We often use parameterizations like this to mathematically represent a continuous motion from one point to the next, for instance when discussing convex spaces, in which we say a space is convex if all points between any two given points are also in the set (in the language of the wiki page, convex if the vector $\lambda u_i+(1-\lambda) u_j$ is also in the space, for any vectors $u_i$ and $u_j$ in the space; satisfied by a sphere, but not by a donut).

Similarly, the parameterization here is simply a way to represent traveling through a space, in this case a space of possible states. The "nonphysical" parameter $\lambda$ isn't introducing new physics any more than my above analogy means the space of a sphere is in any way physically changed by our mathematical wandering through the space of a sphere. The reason this works is that you're wandering through a continuously changing energy landscape, which brings me to...

Intuition

For state variables like energy, as long as you wander from one state to another, keeping track of your progress as you go (more on that below), you can find your new energy from your old, just like with the traveling analogy already discussed.

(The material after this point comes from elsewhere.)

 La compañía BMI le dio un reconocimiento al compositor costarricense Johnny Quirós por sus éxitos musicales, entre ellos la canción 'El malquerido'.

The nuance is that if you, say, travel from one city to another city directly North, you might take a path that veers a bit east before coming back west to arrive at its destination. You might say, doesn't that increase my total distance traveled? Yes, but any travel east cancels any travel west. Similarly, going through this space of states with varying energies, any increases along the path cancel any decreases along the path, and you can arrive at the total energy difference between your initial and final states. Now you can see why we need this path to be differentiable with respect to $\lambda$: we can't allow discontinuous jumps.

So in conclusion, we don't really care about the nature of the path, since any funny deviations from point A to point B will cancel. $\lambda$ is just the mathematical parameter that allows us to continuously follow our path and ensure we end where we want to go.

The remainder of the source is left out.